◆ About this task
Retype the listing below line for line, but only from the line with "The irish-born phisician" down to the line with "Fotografie: Verabschiedung von", inclusive. Pictures stay out.

◆ Data to examine
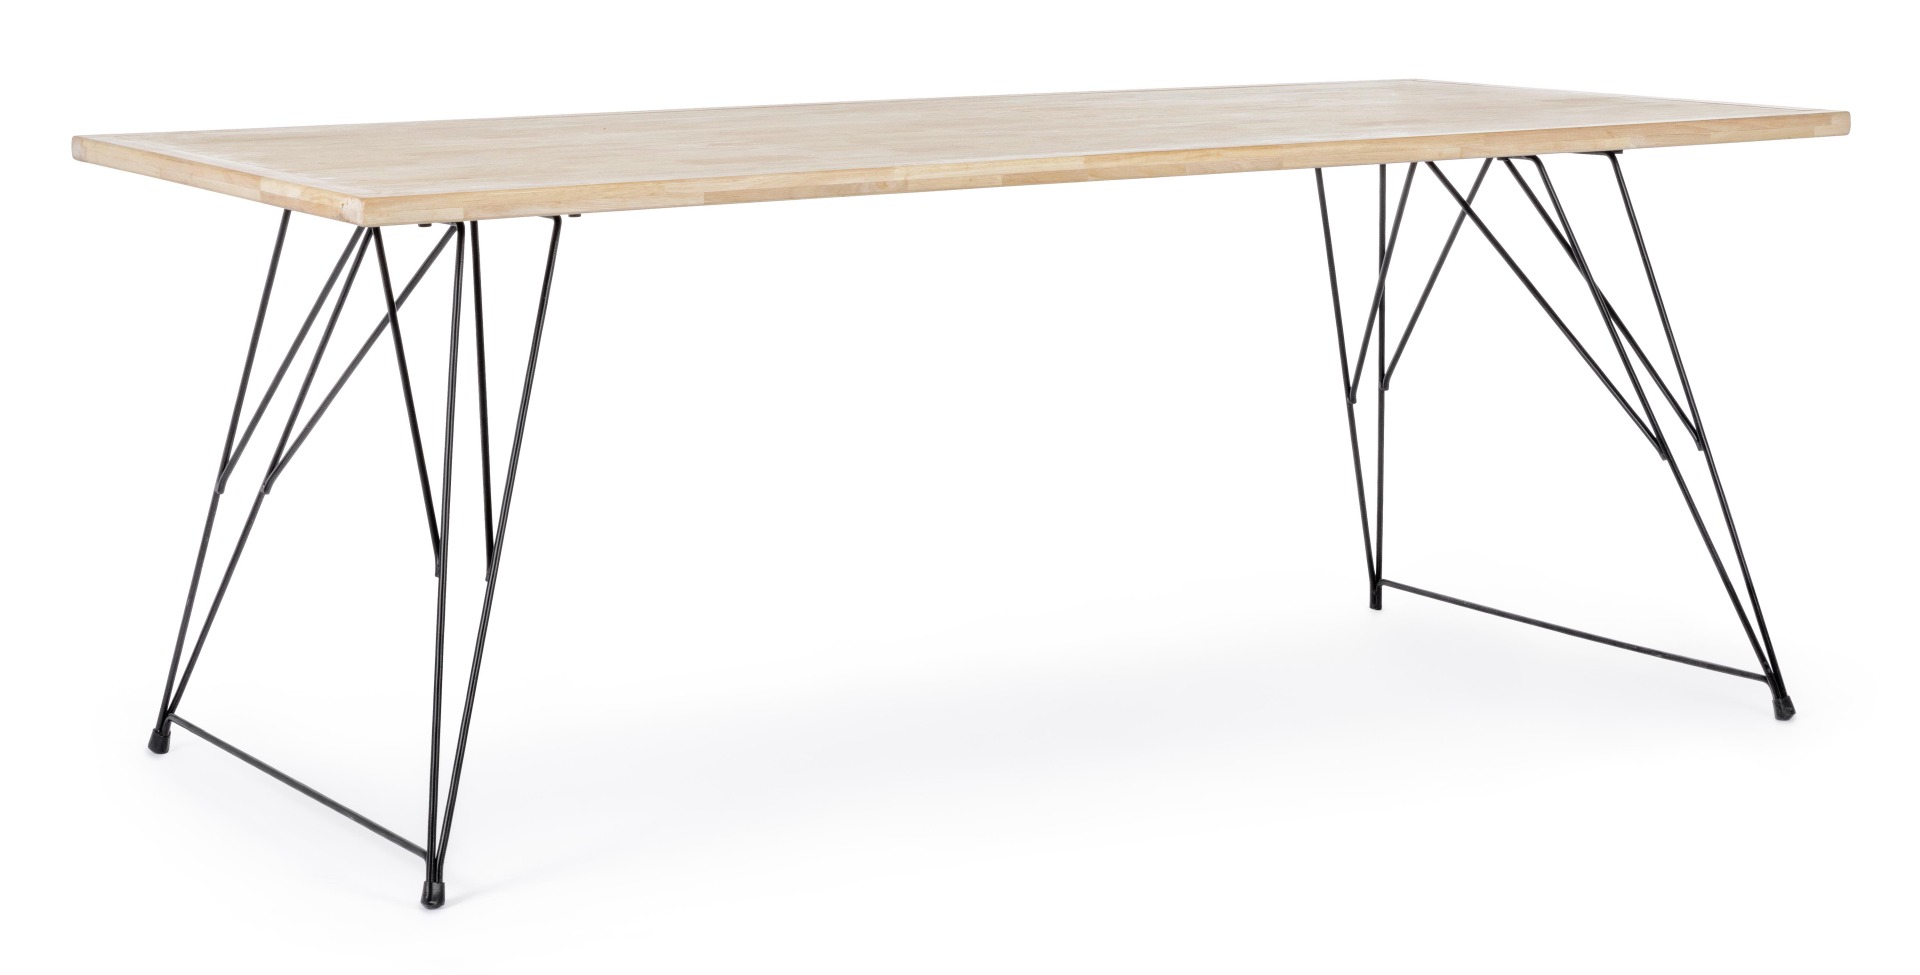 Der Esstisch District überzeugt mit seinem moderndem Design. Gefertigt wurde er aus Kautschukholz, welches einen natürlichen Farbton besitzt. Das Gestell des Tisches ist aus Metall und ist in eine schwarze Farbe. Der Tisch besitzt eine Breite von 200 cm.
---
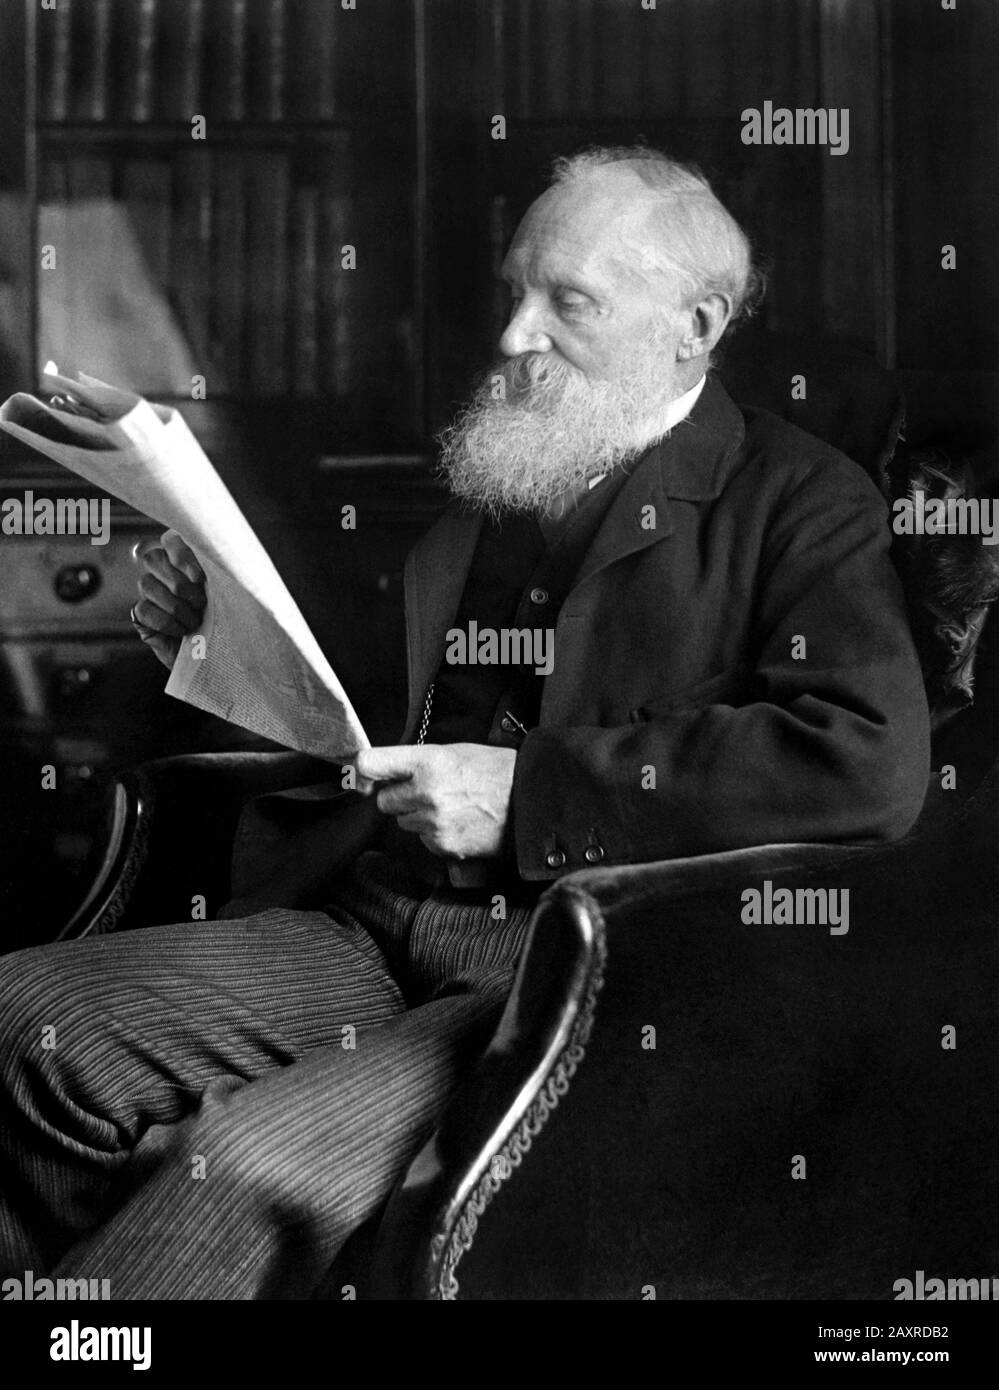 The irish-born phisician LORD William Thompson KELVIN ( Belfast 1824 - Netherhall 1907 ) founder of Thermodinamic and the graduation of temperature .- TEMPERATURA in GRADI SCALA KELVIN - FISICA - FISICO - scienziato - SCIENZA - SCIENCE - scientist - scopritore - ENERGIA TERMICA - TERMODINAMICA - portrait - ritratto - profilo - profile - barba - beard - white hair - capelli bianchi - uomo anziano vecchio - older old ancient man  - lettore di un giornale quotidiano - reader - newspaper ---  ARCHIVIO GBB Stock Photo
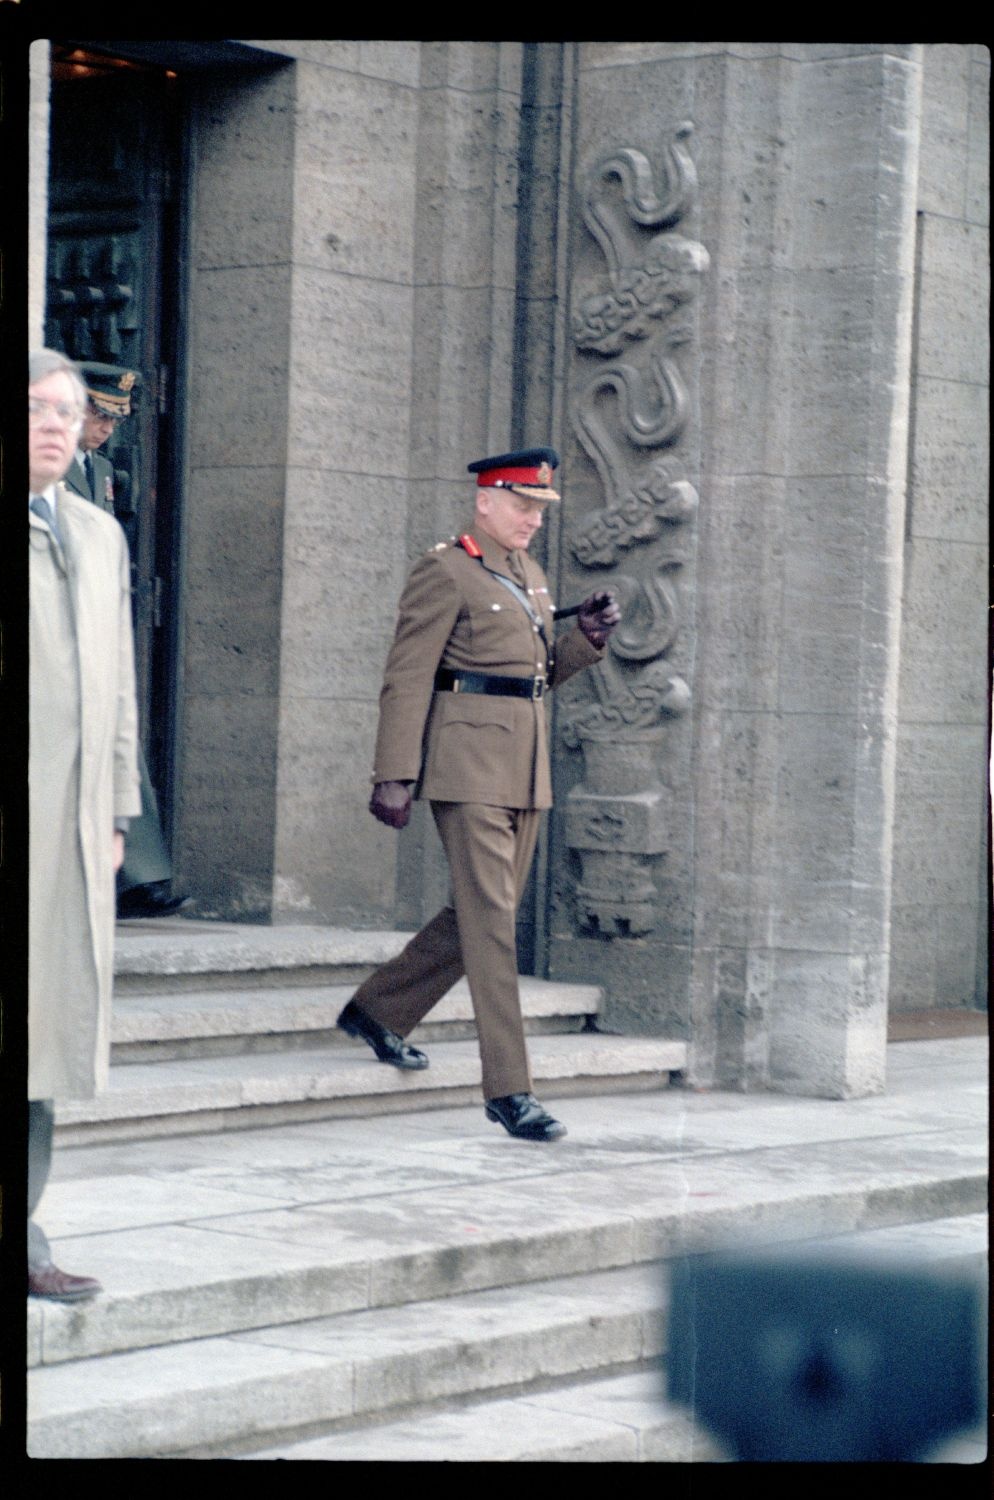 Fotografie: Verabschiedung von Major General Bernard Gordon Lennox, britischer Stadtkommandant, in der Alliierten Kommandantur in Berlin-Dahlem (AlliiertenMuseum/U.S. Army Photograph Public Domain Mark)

◆ Response to the task
 The irish-born phisician LORD William Thompson KELVIN ( Belfast 1824 - Netherhall 1907 ) founder of Thermodinamic and the graduation of temperature .- TEMPERATURA in GRADI SCALA KELVIN - FISICA - FISICO - scienziato - SCIENZA - SCIENCE - scientist - scopritore - ENERGIA TERMICA - TERMODINAMICA - portrait - ritratto - profilo - profile - barba - beard - white hair - capelli bianchi - uomo anziano vecchio - older old ancient man  - lettore di un giornale quotidiano - reader - newspaper ---  ARCHIVIO GBB Stock Photo
 Fotografie: Verabschiedung von Major General Bernard Gordon Lennox, britischer Stadtkommandant, in der Alliierten Kommandantur in Berlin-Dahlem (AlliiertenMuseum/U.S. Army Photograph Public Domain Mark)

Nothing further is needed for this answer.